Many functions also take a `visualise` argument, which determines whether the metrics are returned or whether the predictions are visualized. 

For evaluating the metrics, each function expects a task-specific JSON file containing ground truth, defined in the `scripts/metadata` directory. The evaluation scripts calculate the metrics and return them as a dictionary.

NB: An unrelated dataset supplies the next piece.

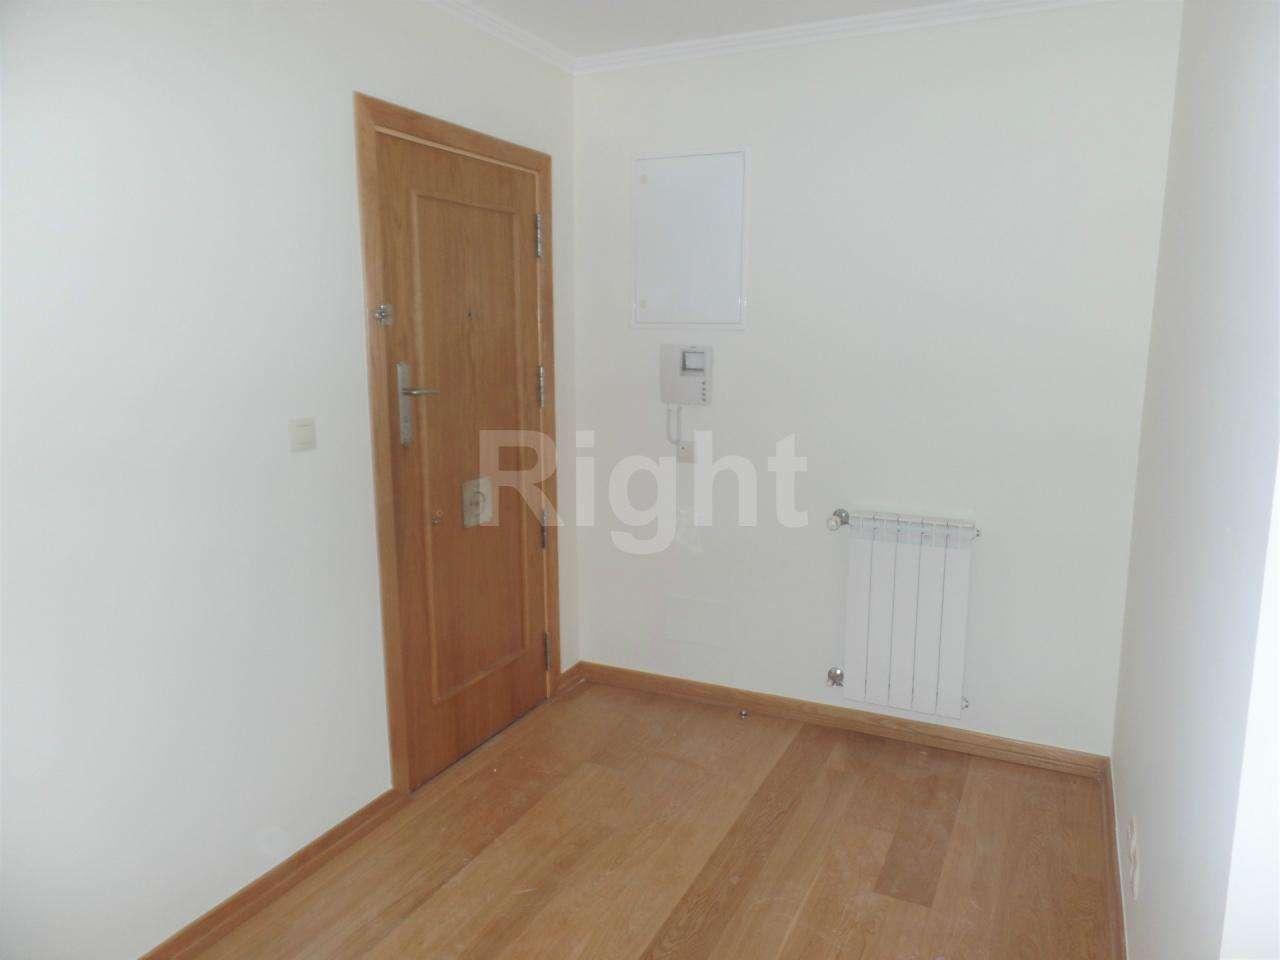 Apartamento para arrendar, Benfica, Lisboa - Foto 24

- For classification, the JSON file maps each file name to the class label index.
- For object detection, the format is the same as COCO annotations.
- For segmentation, the file maps each file name to the ground truth segmentation mask (file path).
- For grouping, the file maps each file name to a dictionary similar to the dictionary returned by the grouping task function. This dictionary maps the instance indices to a dictionary containing the instance mask (under key 'gt').
- For depth, the file maps each file name to the ground truth depth map (file path).
- For normals, the file maps each file name to the ground truth surface normals (file path).

#### Scripts
We also provide the script used for inference and evaluation (`scripts/infer.py`). We include some example images in the `assets/` directory and the relevant ground truth JSON files in the `scripts/metadata/` so that users can test the inference scripts. The script can be run for various tasks as follows:

1. For classification:
```bash
python scripts/infer.py --model gpt-4o-2024-08-06 --api_key <your-api-key> --task classify --eval_type eval_classify --batch_size 1 --n_threads 1 --data_files scripts/data/files/classify.txt --ground_truth scripts/metadata/classify.json --log_name test_classify
```

2. For object detection:
```bash
python scripts/infer.py --model gpt-4o-2024-08-06 --api_key <your-api-key> --task detect --eval_type eval_detect --n_threads 2 --data_files scripts/data/files/object.txt --ground_truth scripts/metadata/object.json --log_name test_detect
```

3. For segmentation:
```bash
python scripts/infer.py --model gpt-4o-2024-08-06 --api_key <your-api-key> --task segment --eval_type eval_segment --n_threads 2 --data_files scripts/data/files/segment.txt --ground_truth scripts/metadata/segment.json --log_name test_segment
```

4. For grouping:
```bash
python scripts/infer.py --model gpt-4o-2024-08-06 --api_key <your-api-key> --task group --eval_type eval_group --n_threads 2 --data_files scripts/data/files/grouping.txt --ground_truth scripts/metadata/grouping.json --log_name test_group
```

5. For depth:
```bash
python scripts/infer.py --model gpt-4o-2024-08-06 --api_key <your-api-key> --task depth --eval_type eval_depth --n_threads 2 --data_files scripts/data/files/depth.txt --ground_truth scripts/metadata/depth.json --log_name test_depth
```

6. For normals:
```bash
python scripts/infer.py --model gpt-4o-2024-08-06 --api_key <your-api-key> --task normals --eval_type eval_normals --n_threads 2 --data_files scripts/data/files/normals.txt --ground_truth scripts/metadata/normals.json --log_name test_normals
```

The respective log files will be saved in the `scripts/data/logs/outputs` directory. The log files will contain the tokens used, model predictions, evaluation metrics. To visualize the predictions, a procedure similar to the one demonstrated in the notebook can be followed, as the `eval` method can take the path to the log file as an argument. A backup of the log files is also saved in the `scripts/data/logs/backups` directory.